I’ve also been accused of cherry-picking, though I’ve gone as far back as the data allows, and on most posts on this subject, I’ve actually chucked the WW2 years. In addition, I’ve noted that throwing out outliers doesn’t change results materially. But what if the last eight decades have all been an anomaly? After all, shouldn’t we consider the “Roaring ‘20s,” a period which every textbook tells you was a period of rapid growth. After all, such intellectuals as Glenn Beck, Thomas Woods, and Amity Shlaes are quick to assure that the prosperity of the 1920s was due to tax cuts.

Unfortunately, the NIPA tables don’t go that far back, so we don’t have actual data on real GDP per capita (or the tax burden). But I’ve done my best to examine that claim; the following graph, which first appeared here, shows the top marginal tax rates and the periods (shown in gray) when the economy was in recession.

Figure 3

While the 1920s was, indeed, a period when marginal tax rates were reduced, it was a period of recession followed by recession followed by recession followed by the Great Depression. The longest consecutive months spent outside of recession during the 1920s was 27 months! Two years and a quarter. In fact, the economy was in recession (if not outright Depression) a full 44% of the time during the 1920s. If these were roaring years, those roars were extremely short-lived.

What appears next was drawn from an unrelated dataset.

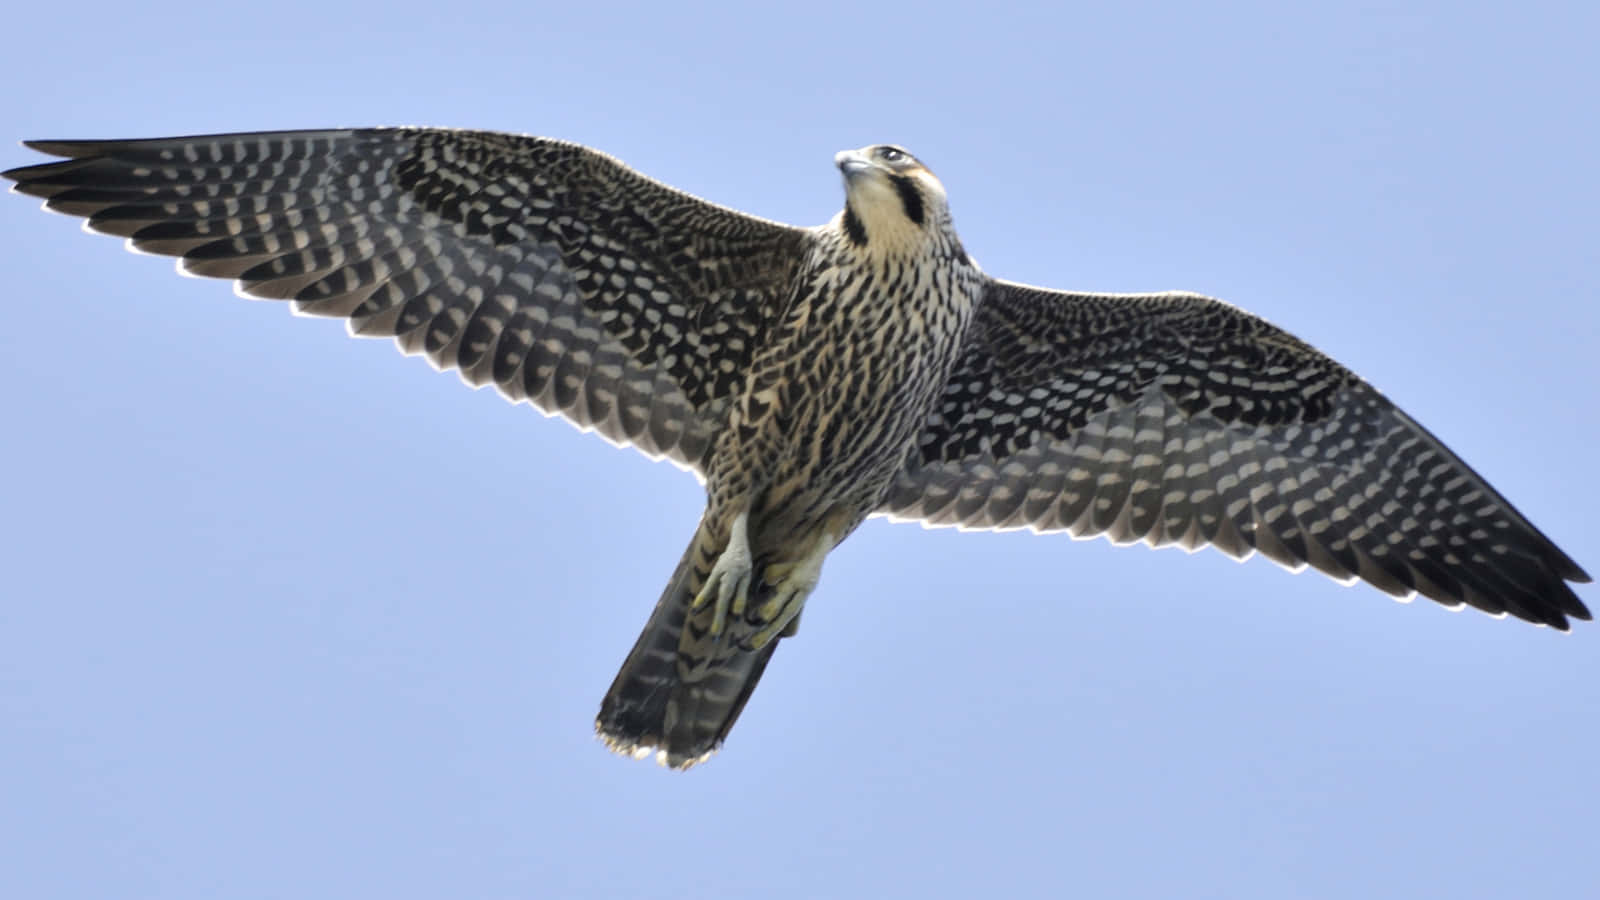 Enjoy the beautiful Falcon soaring in the sky

Which moves us to the next issue – I’ve been criticized for focusing on the tax burden rather than the marginal tax rate, the exception being in periods where the tax burden is not available. Frankly, of all the criticisms, that one seems especially weak. For those with enough income, the marginal tax rate is as much a fiction as the MSRP on a car; Warren Buffett’s offer of $1 million dollars to anyone on the Forbes 400 list who could prove they pay a higher share of their income in taxes than their secretary remains untaken.

Moving on to the next criticism… I’ve been told my interpretation of the above graph is wrong – it is not so much that higher tax burdens are correlated with faster economic growth, but rather that administrations that produced rapid economic growth tended to feel they could raise tax burdens, and that administrations suffering from poor growth kept tax burdens low to try to remedy a bad situation.

I dealt with that issue in recent posts by grouping the periods from 1929 to the present into eight year administrations, where possible. Those administrations were made up of the eight year terms of Presidents who served two terms (or in FDR’s case, the first two terms only). Added to those were eight year periods in which a Vice Presidents took over for a President who died or otherwise left office. For each of those eight year terms, I created the following graph . It shows the change in the tax burden in the first two years of each administration along one axis, and economic growth on the other axis:

Figure 4

Clearly, economic growth in years 3 through 8 cannot explain changes in the tax burden in earlier years unless one assumes time travel, clairvoyance, or one heck of a coincidence.

And speaking of coincidence, we arrive at another common complaint: there simply are not enough observations to reach a conclusion of any sort. Left unstated, of course, is that though the tax cutting Presidents had the lousiest economies, and that (as per graph 4) tax cutting led the economic growth, somehow a supposed lack observations validates the idea that lower taxes does produce faster economic growth.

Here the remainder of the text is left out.